Telephone frauds

Select the type of fraud you would like to learn more about from the list below.


Vishing is a combination of using “voice” and “phishing” in an attempt to scam the user into surrendering private information that will be used for identity theft. The criminal usually pretends to be a legitimate business, and fools the victim into thinking they need to:

  • Provide personal information.
  • Provide Banking information such as account/card/online banking details and authorisation codes. Remember, always read the full text provided with your authorisation code to ensure that you clearly know what the code is validating.
  • Take an “urgent action” such as logging onto a website or request to click on a link provided in a text (Smishing).
  • Allow access to a device.

Most common forms of Vishing are where fraudsters pretend to be from a Financial Institution, Financial Crime Unit, Telephone Companies, An Post, Revenue etc. However, Criminals will try any variation if they believe they will get success, even purporting to be Police asking you to transfer your money elsewhere

How to Protect yourself from Vishing

You should be highly suspicious if you receive a telephone call requesting you to provide Online login details, Credit/Debit Card, PIN, Expiration date, Bank account details, date of birth etc.

Be wary of automated calls received that request information is entered via a keypad on your telephone. If you receive such a call ensure that you hang up correctly and your line is not left open.

What should you do if you have been a victim of Vishing?

Contact the fraud department on 01 6695851 immediately.


Smishing is a combination of SMS text and “phishing” where you are sent an SMS (or text message) that asks you to log on to a fake Open24 website or other fraudulent website via a link to update your personal and/or banking information. The criminals may then use this information to access your internet banking account. They may even ask you to provide the authorisation code provided by your bank which will allow them to validate a payment they are making in the background.

These messages purport to be from a reputable organisation such as a Bank or other service provider e.g. telephone company, Revenue, An Post. The messages are generally urgent in nature and contain a call to action.

Be alert! Remember, permanent tsb will never ask you to provide bank accounts details/credit/debit card information or logon to Open 24 via any link provided over SMS.

What should you do if you have received a suspicious SMS?

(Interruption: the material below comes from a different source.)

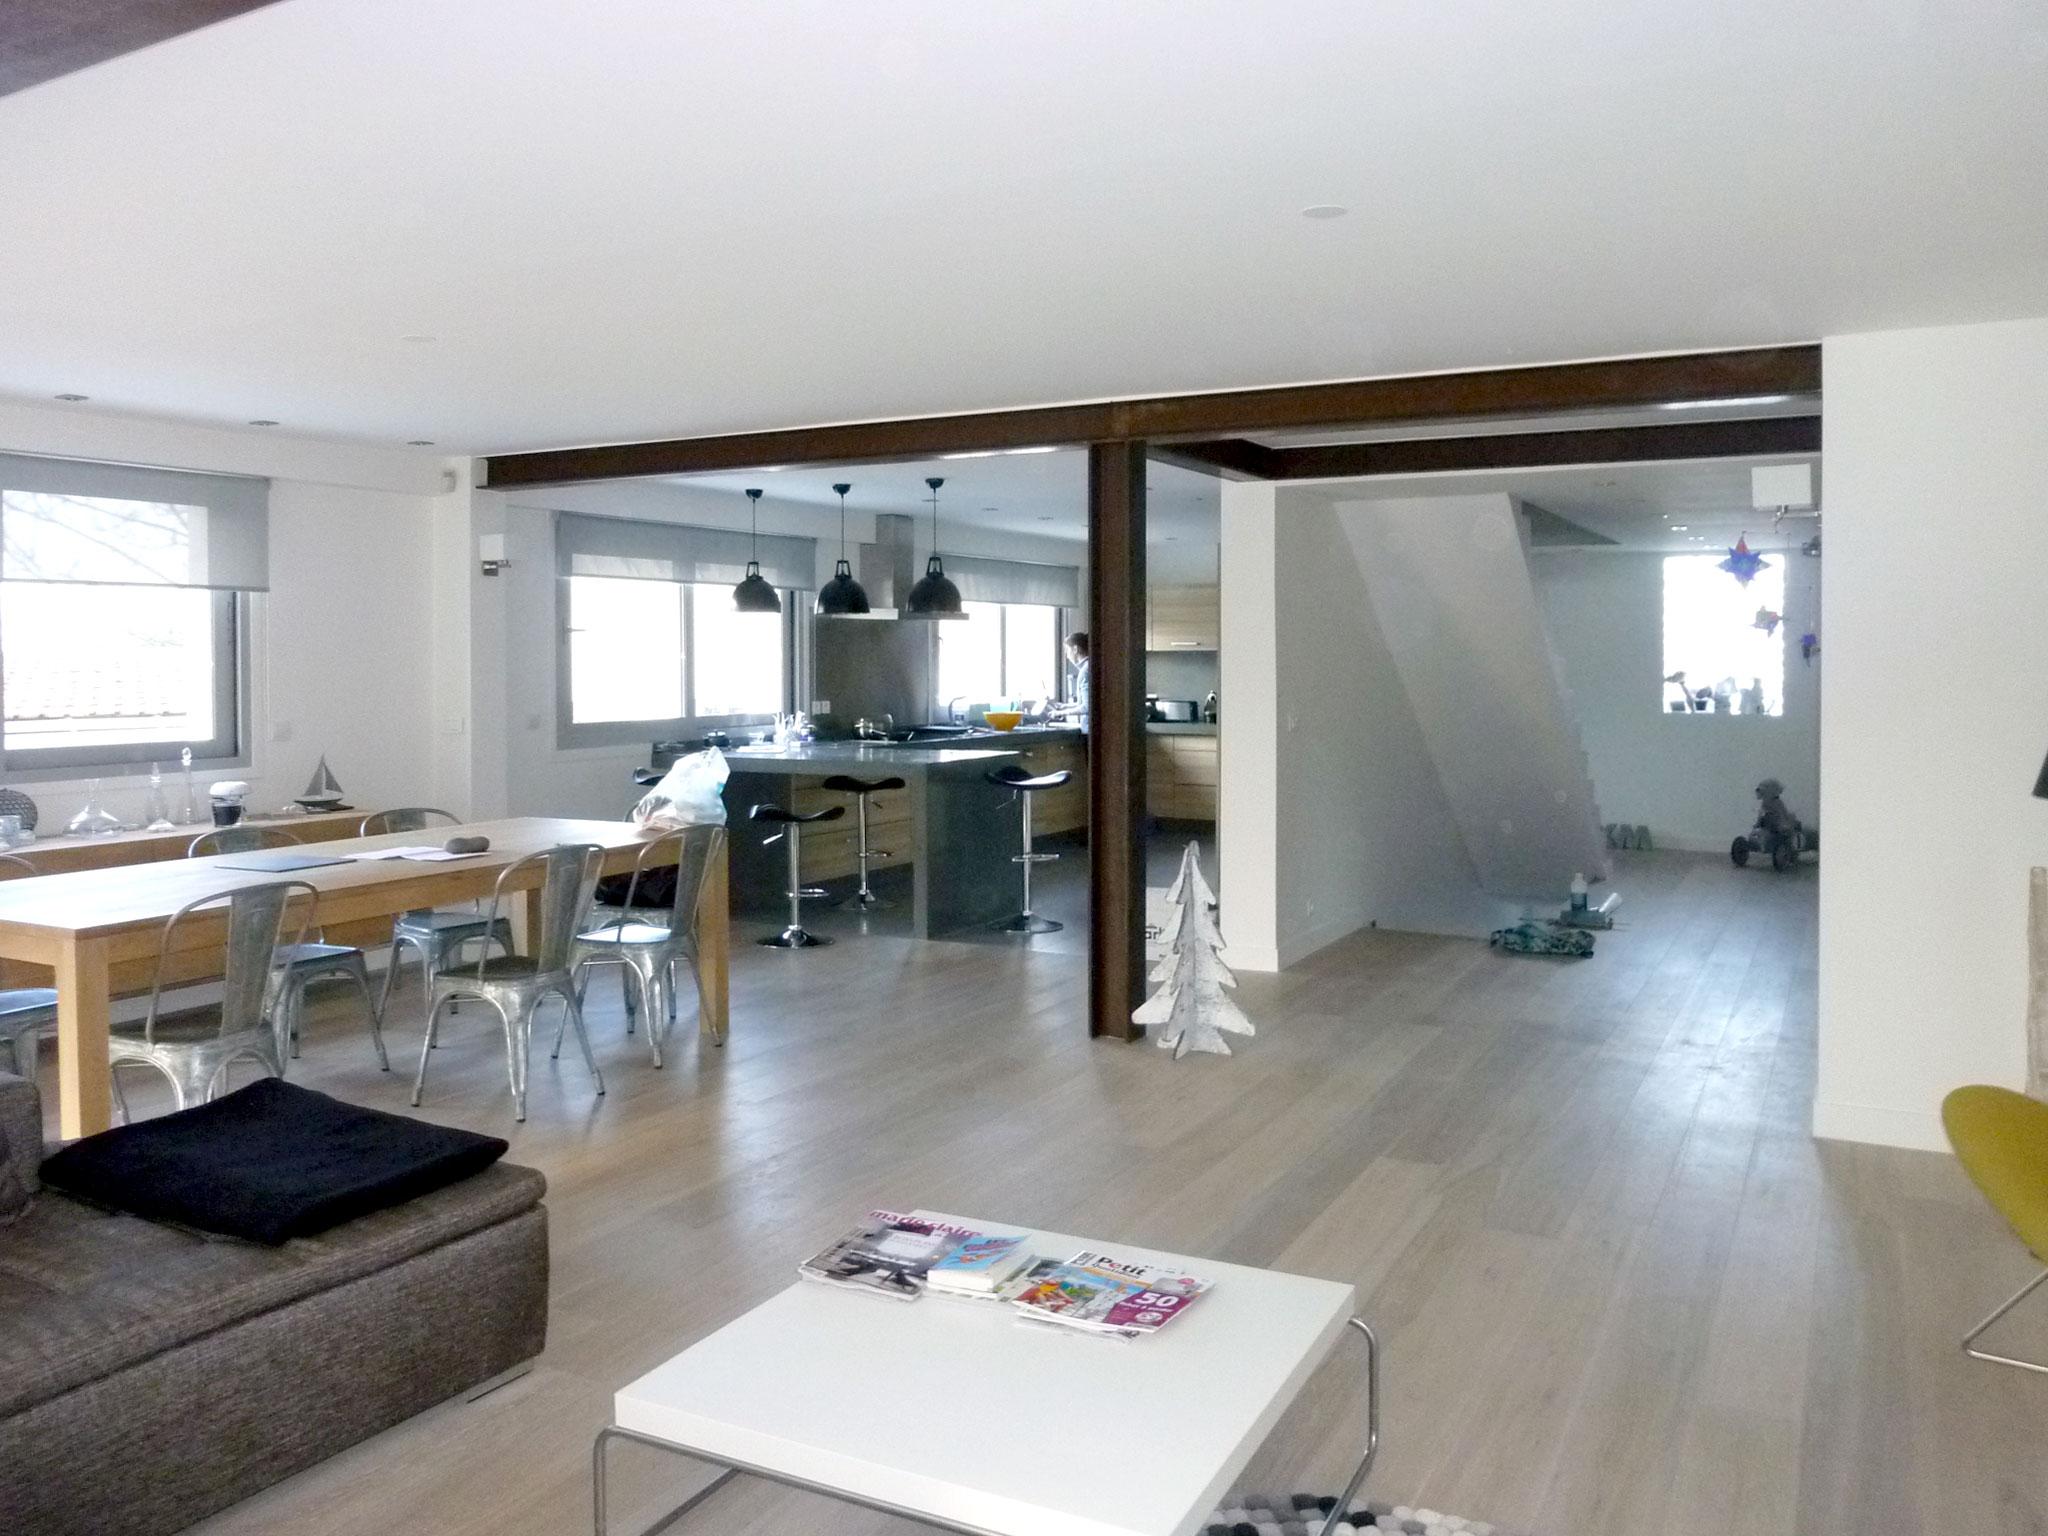 olivier-stadler-architecte-maison-noisy-le-roi (10)
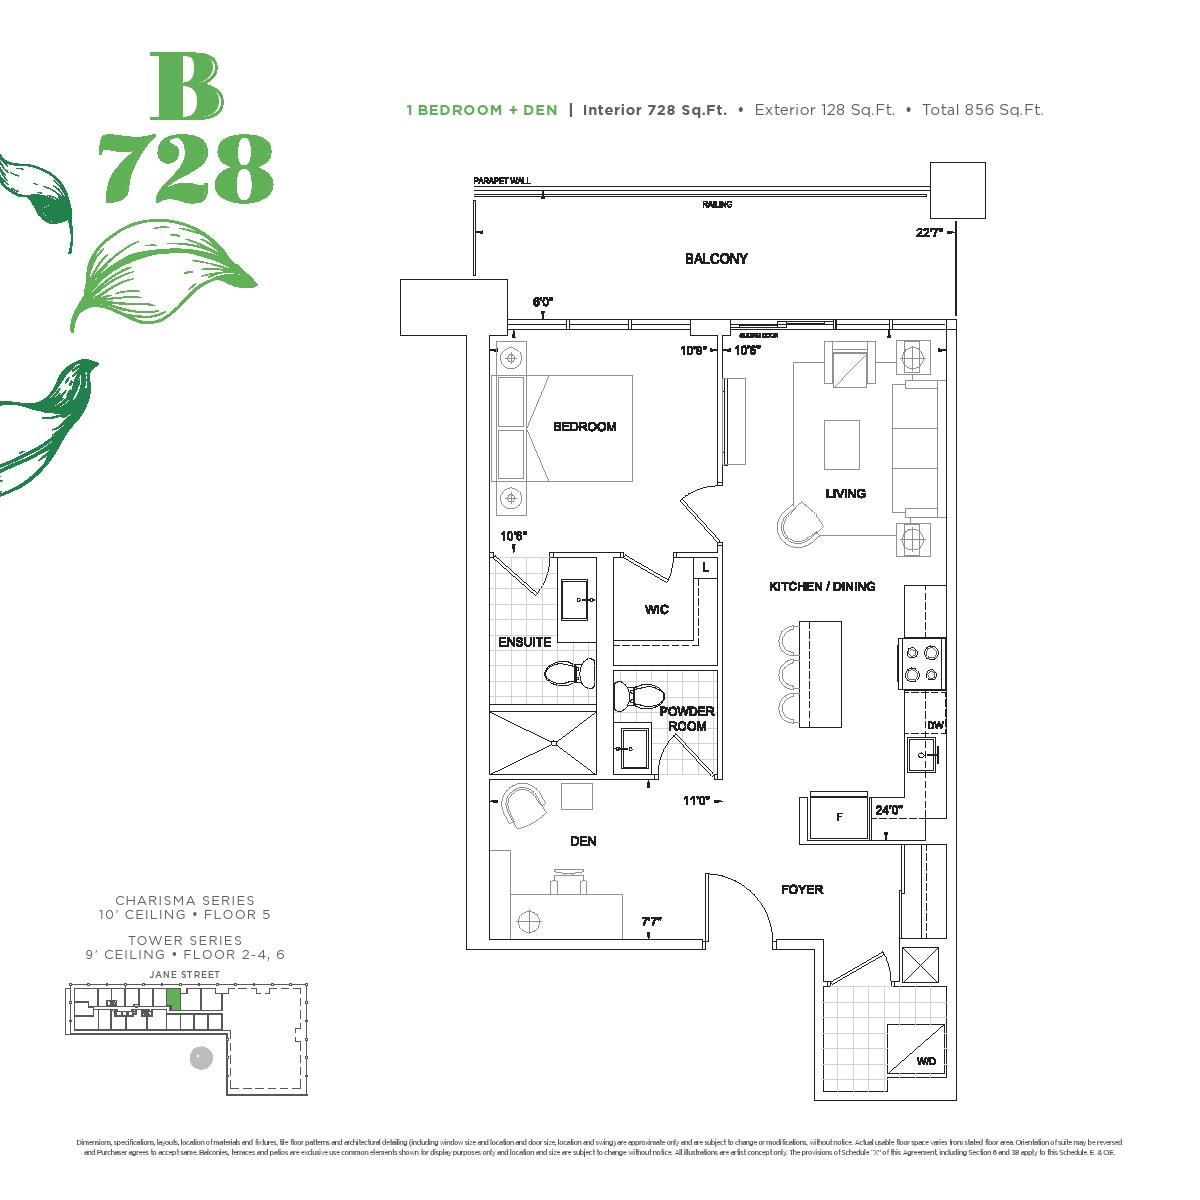 Charisma Condos 2 Floor Plans

  • Do not use the link that is in the SMS.
  • Do not send any account details/credit/debit card information or Online Banking details by SMS.
  • If you have already used the link and/or entered your details, contact permanent tsb immediately on 01 6695851 or 0818 50 24 24. Review your recent transaction history. We will cancel your Open24 number and arrange a new one for you.
  • Review your recent transaction history.
  • We will cancel your Open24 number and arrange a new one for you.

Important Information: Remember, permanent tsb will never call, email or text you asking for: your account details, your Open24 number, Internet Password, Personal Access Number (PAN), your Visa Card CVV number or One Time Passcode. If you ever get an unsolicited phone call, email, text message or pop-up asking for any of these please contact us on 0818­ 50­ 24­ 24 or +353­ 1­ 212­ 4101.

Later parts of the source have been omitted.